Task details
The data below should be retyped exactly, with the pictures left out.

Data extract
********************
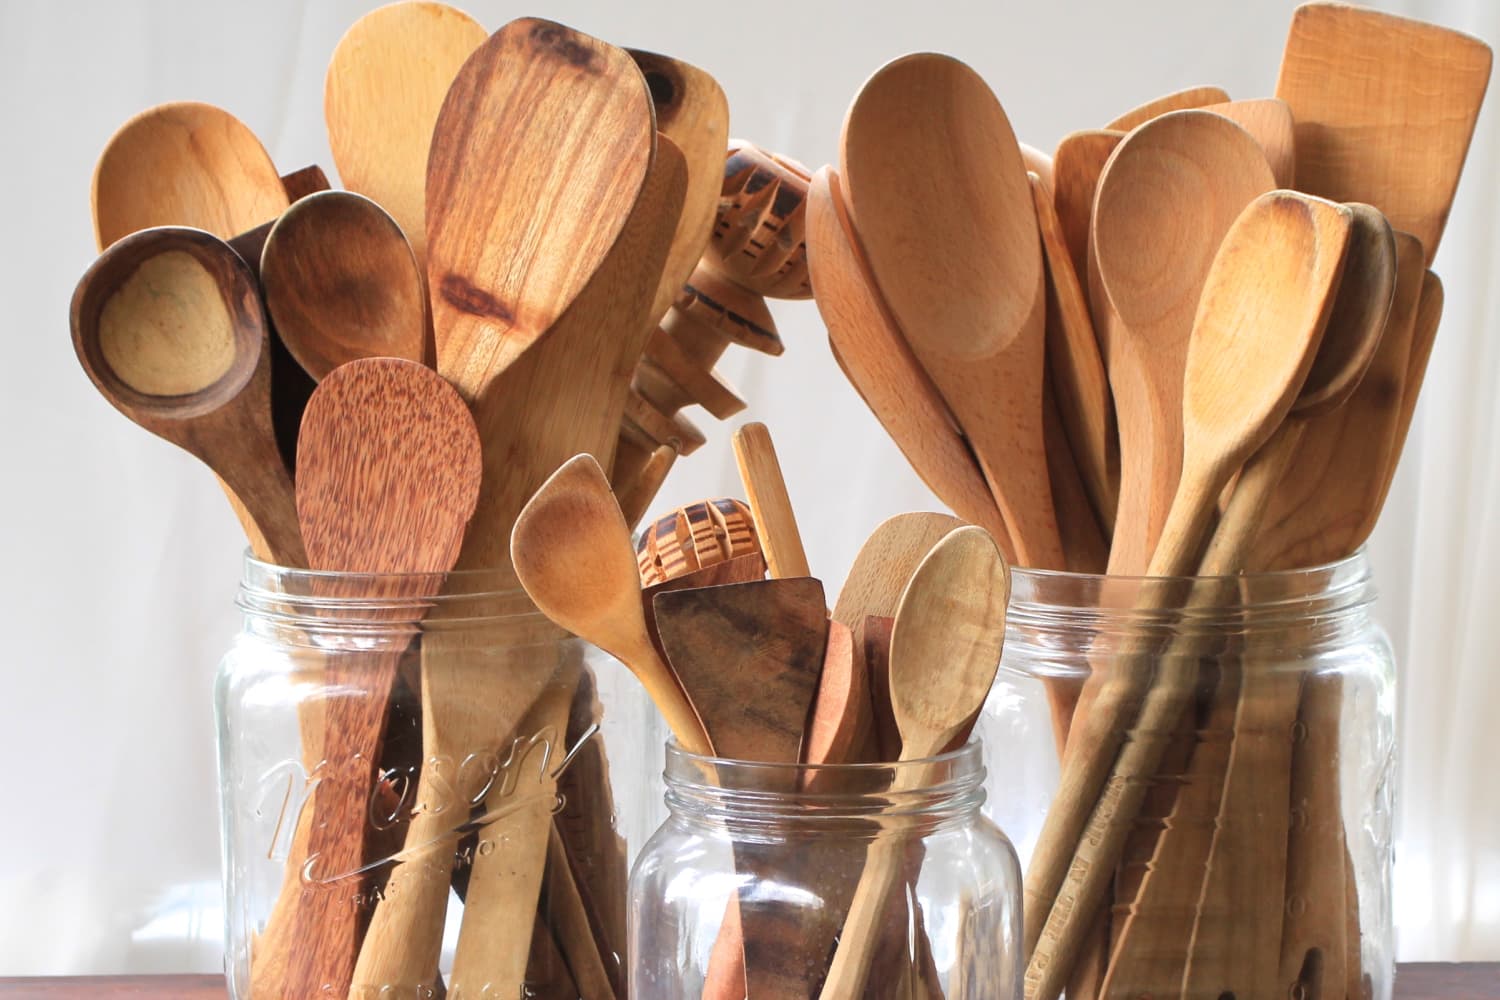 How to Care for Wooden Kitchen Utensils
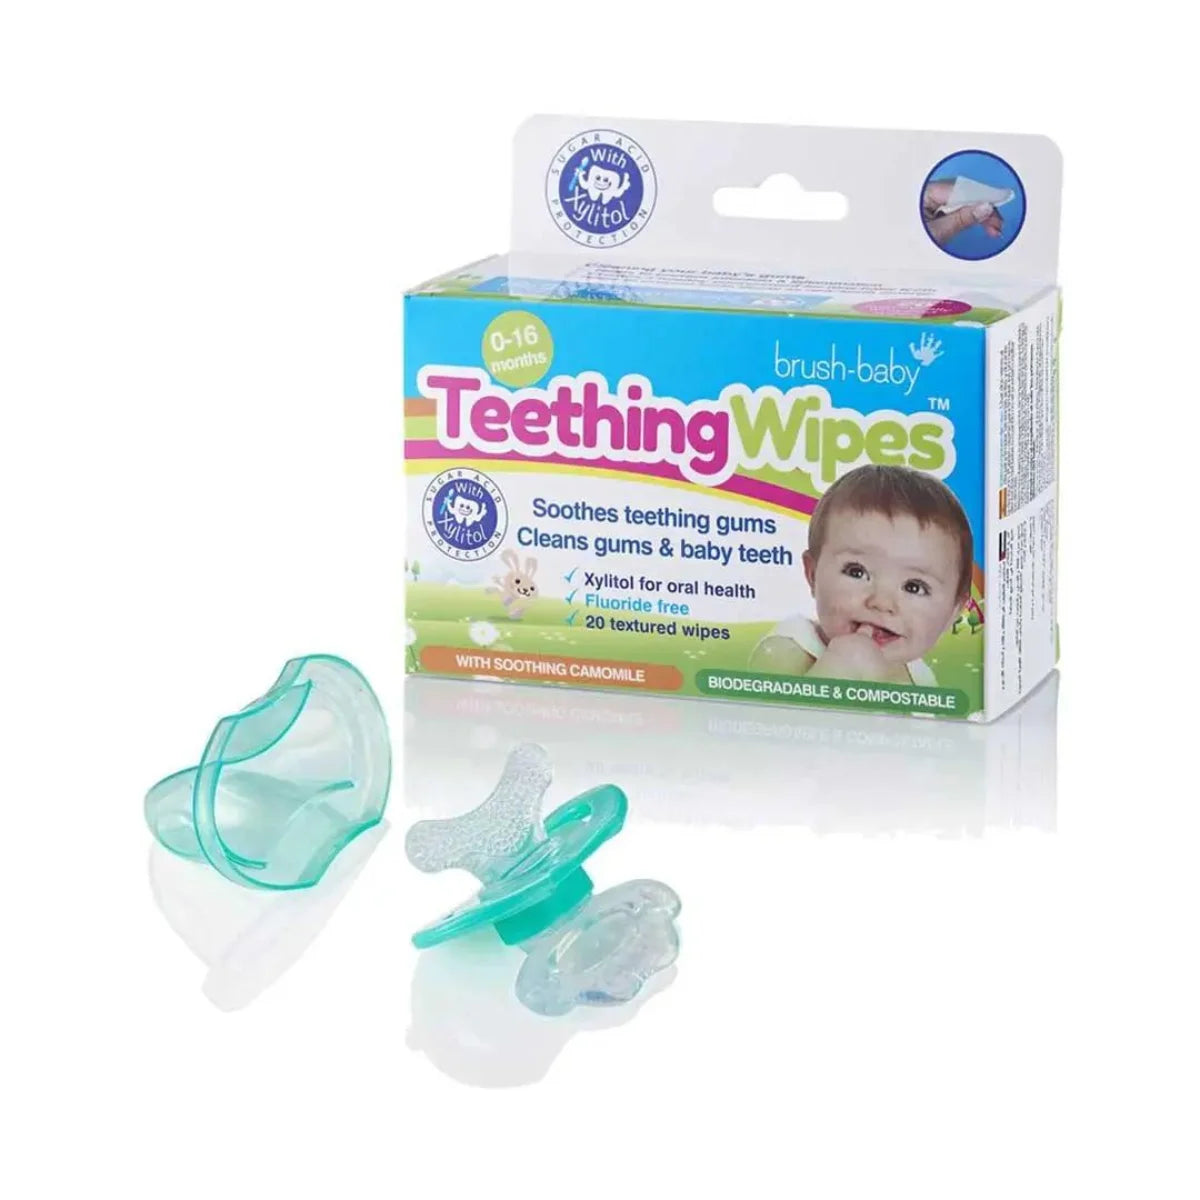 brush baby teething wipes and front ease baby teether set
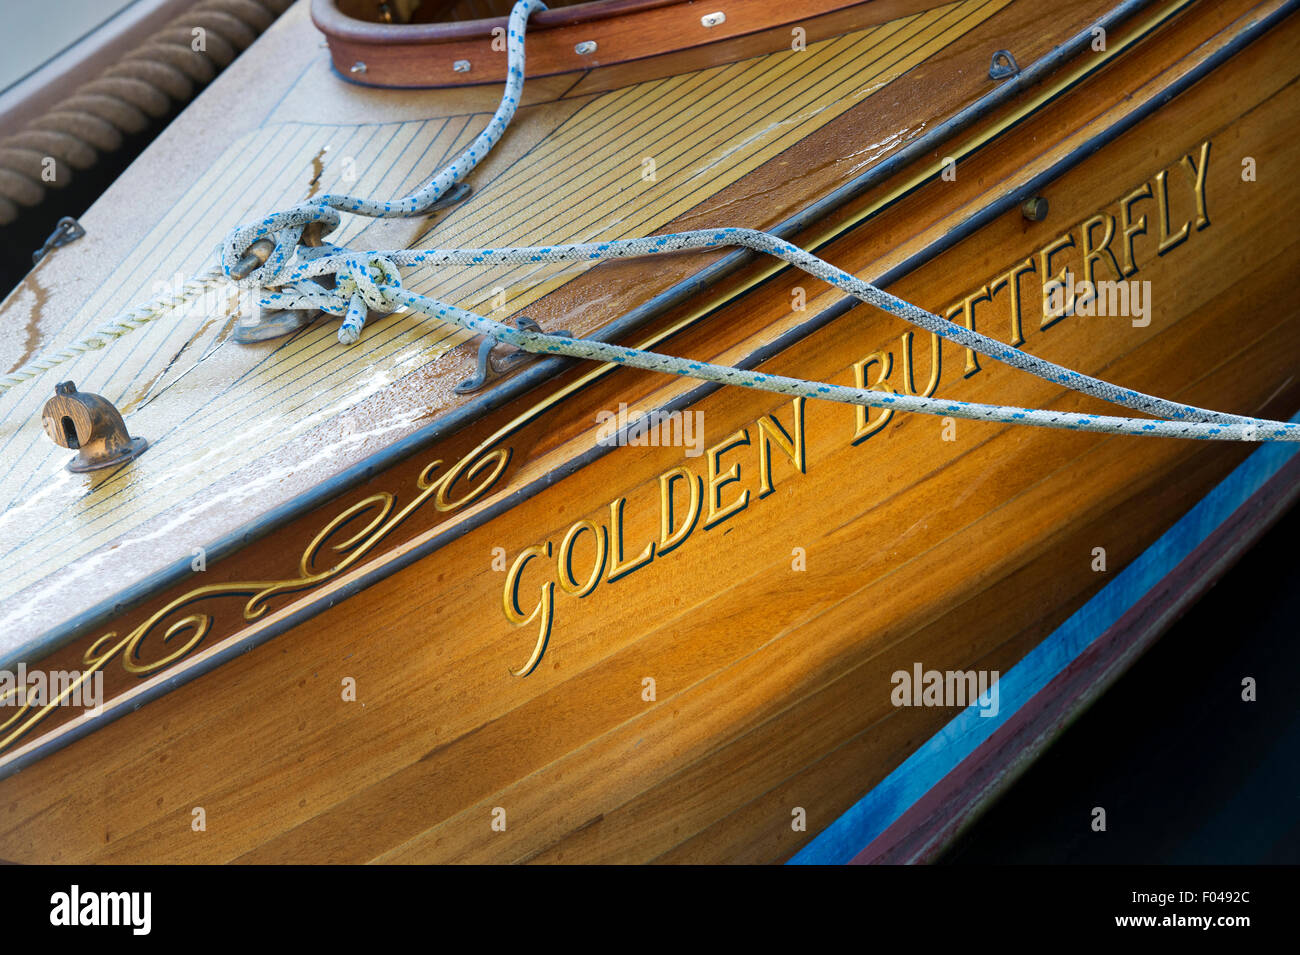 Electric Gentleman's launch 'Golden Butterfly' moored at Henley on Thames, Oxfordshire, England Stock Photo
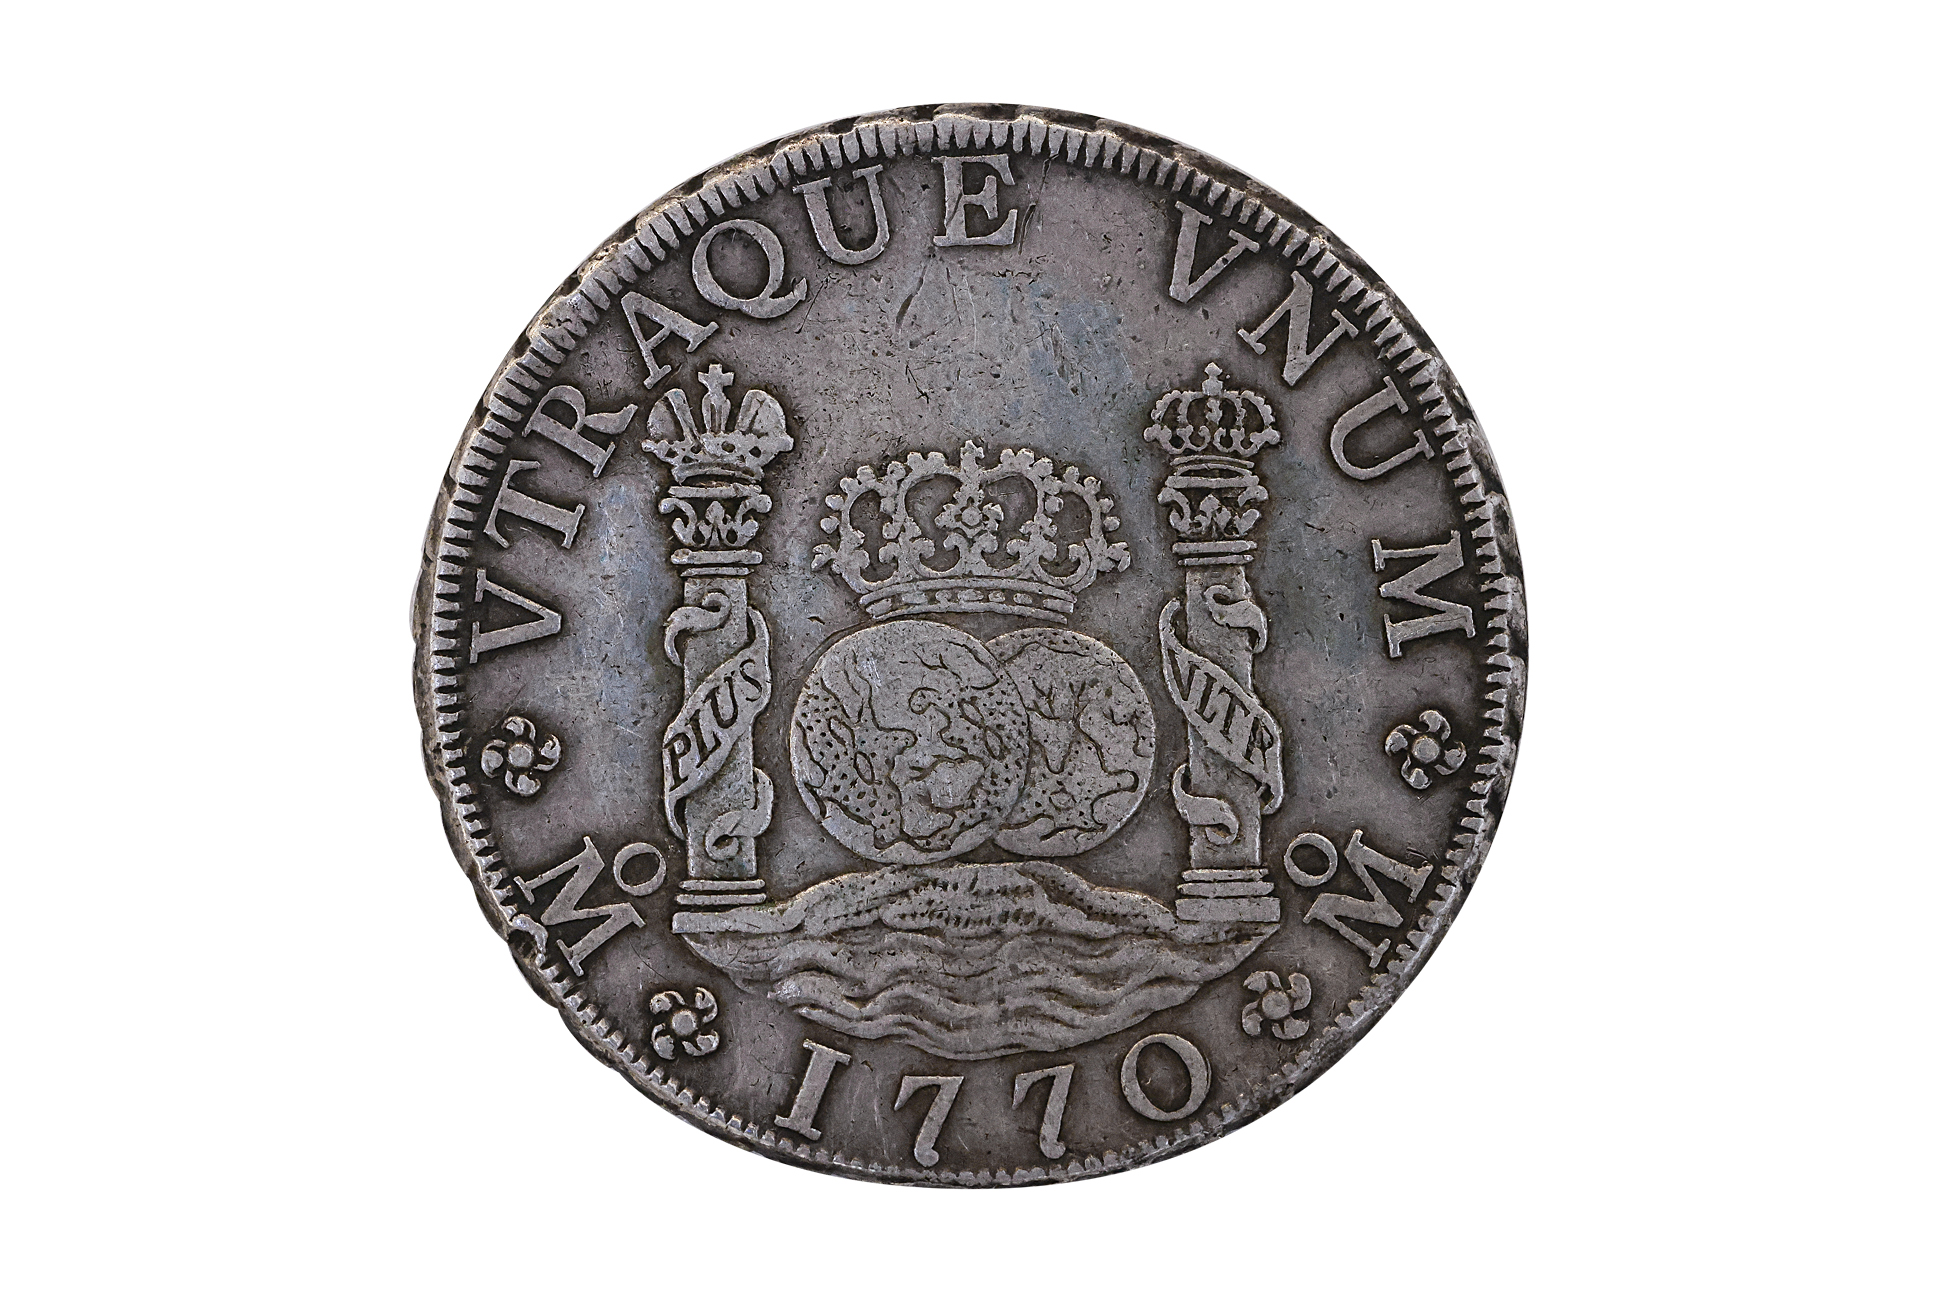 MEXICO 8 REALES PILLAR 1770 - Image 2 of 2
********************
Finished task
 How to Care for Wooden Kitchen Utensils
 brush baby teething wipes and front ease baby teether set
 Electric Gentleman's launch 'Golden Butterfly' moored at Henley on Thames, Oxfordshire, England Stock Photo
 MEXICO 8 REALES PILLAR 1770 - Image 2 of 2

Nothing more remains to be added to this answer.